Quando ad esempio Meloni aveva incontrato il presidente del Cio, Thomas Bach, in quella che era stata la sua prima uscita da premier in pectore, al piano terra dello stesso hotel c’era anche Abodi, che veniva presentato al direttore generale del Comitato internazionale, Cristophe Dubi, come prossimo ad. Così, quando venerdì il suo nome è spuntato nella lista dei ministri, mentre in Italia partiva il solito profluvio di complimenti e congratulazioni, pubbliche e private, vere e false, da amici e persino vecchi nemici, a testimonianza di quanto il mondo dello sport attendesse una figura di riferimento forte, in Svizzera sono saltati sul divano.
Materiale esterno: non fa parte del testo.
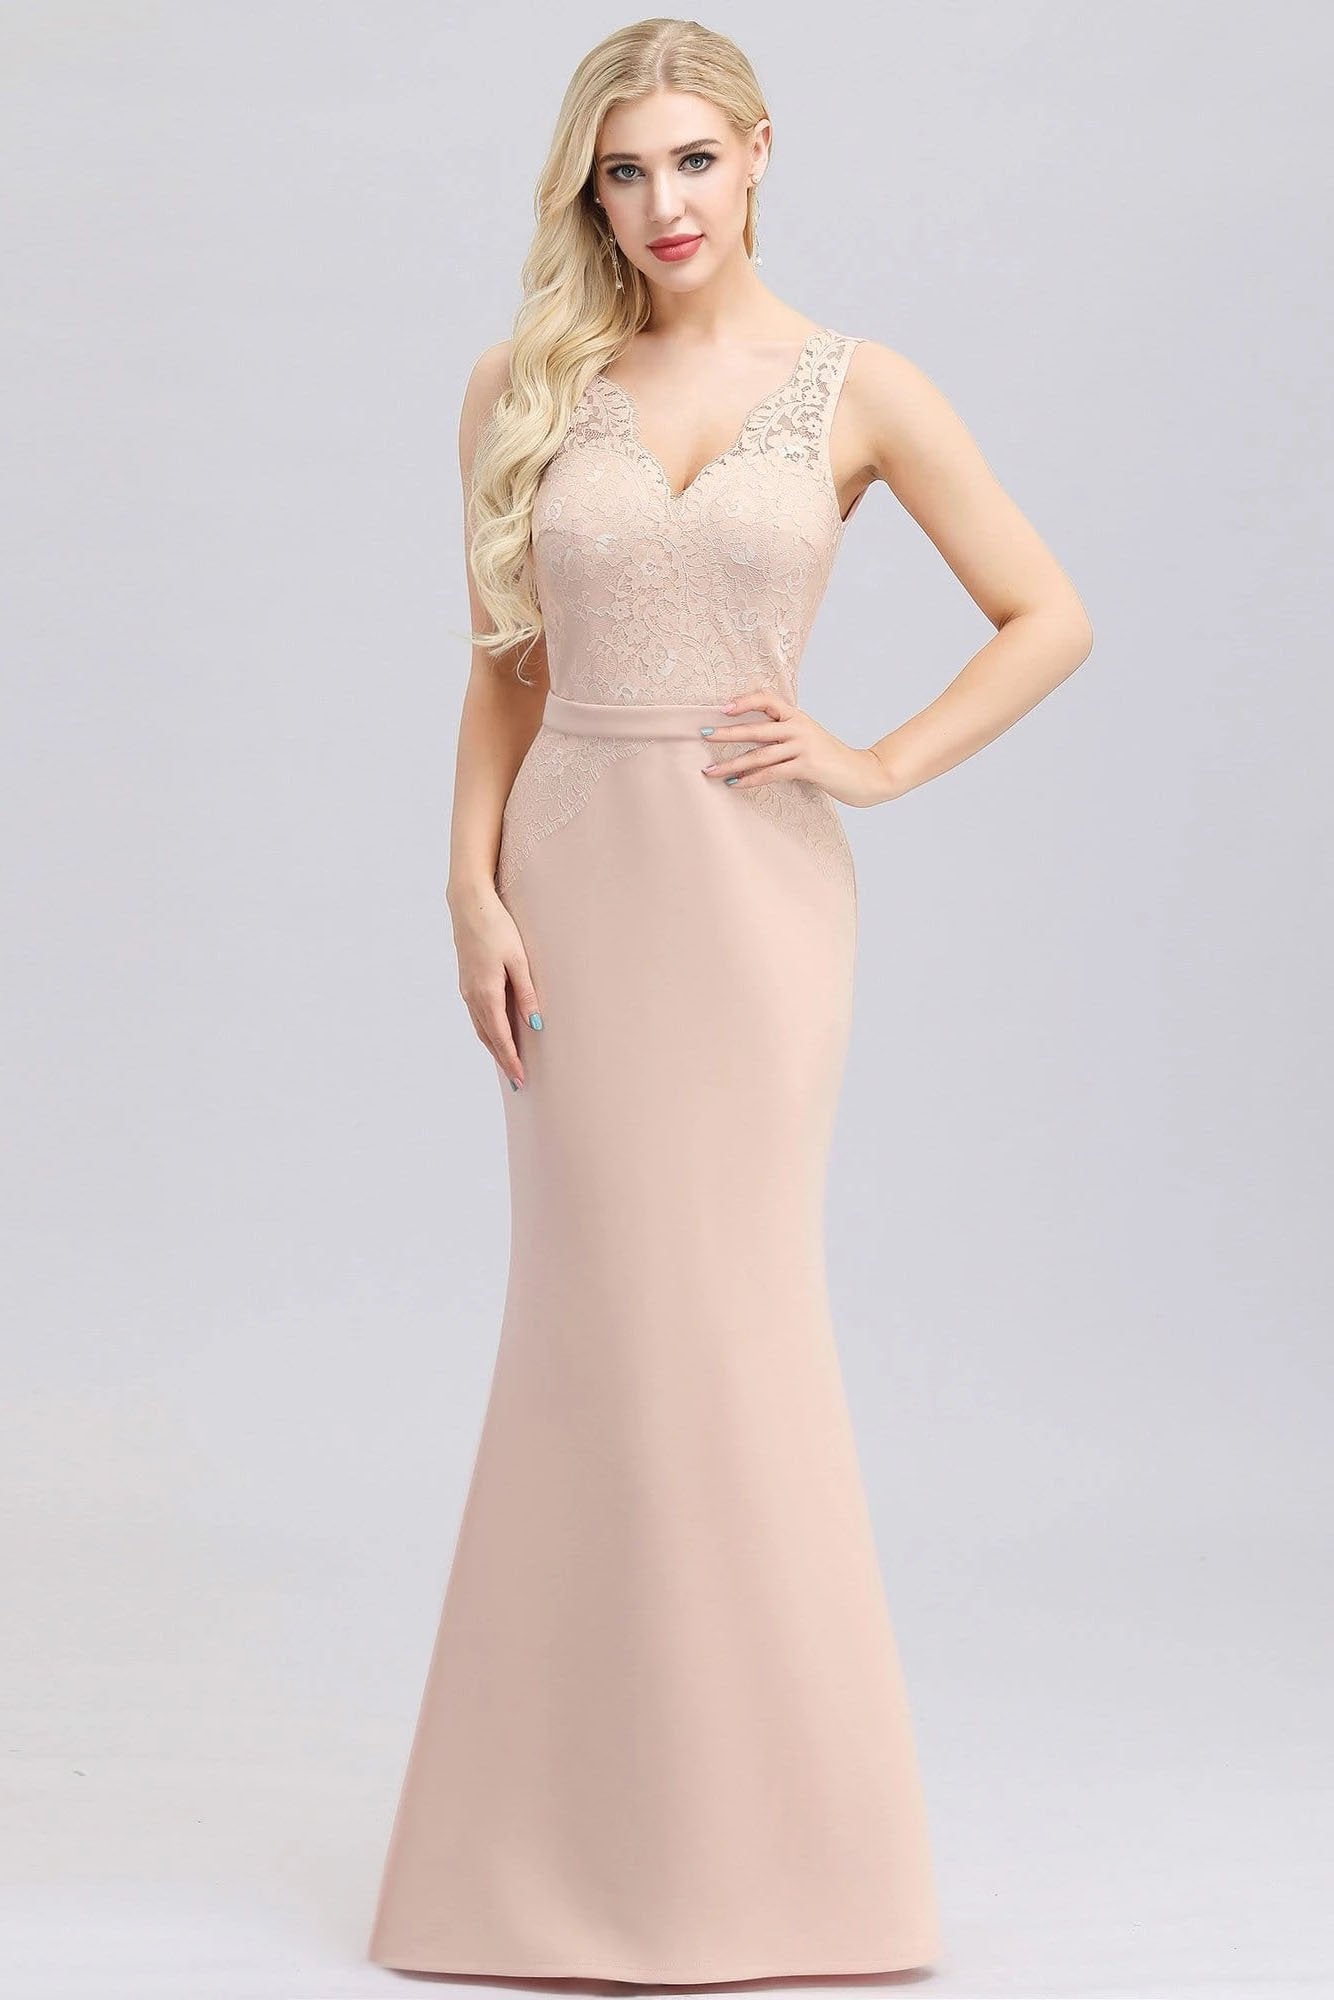 Elegant V-Neck Floral Lace Pink Evening Dress Satin Prom Dresses STC15216

Abodi se lo aspettavano amministratore delegato a Milano-Cortina. Se lo ritrovano invece al governo come ministro, con la Fondazione ancora decapitata, e chissà per quanto altro tempo. L’ennesimo ribaltone dell’inaffidabile politica italiana, dalle conseguenze imprevedibili.
Meloni ha garantito a Malagò che presto il governo troverà un’alternativa valida anche per la Fondazione, pregando di girare le rassicurazioni al Cio. C’è poco però da rassicurare. Ora ripartirà la giostra di nomi, candidature e veti incrociati, che già quest’estate avevano paralizzato la nomina, e di cui lo stesso Malagò è uno dei protagonisti. Come ogni volta che c’è da assegnare una poltrona che conta nel mondo dello sport, il n.1 del Coni non perde occasione di muovere i suoi fili. In questo senso, l’arrivo di Abodi al governo per lui vale come un pareggio: con il suo curriculum, Abodi non sarà un pasdaran del Coni, ma è comunque uomo di compromessi, ben altra storia rispetto a Vezzali, Spadafora e Giorgetti che gli avevano fatto guerra aperta nel recente passato. Non a caso, di ritorno dalla Sicilia per l’ennesima manifestazione di gala a cui ha presenziato, Malagò e i suoi consiglieri si dicevano soddisfatti che “con Giorgia sarà tutto diverso” (mostrando però anche una certo fastidio per la presenza di Giorgetti). Ora la partita si sposta su Milano-Cortina: dove non ci saranno solo i desideri di Malagò da accontentare, ma anche quelli dei governatori leghisti Zaia e Fontana, o del sindaco Sala. La Fondazione è come un condominio, con troppi inquilini, tutti litigiosissimi. Il tempo passa e perduto Abodi rischia di dilatarsi ancora.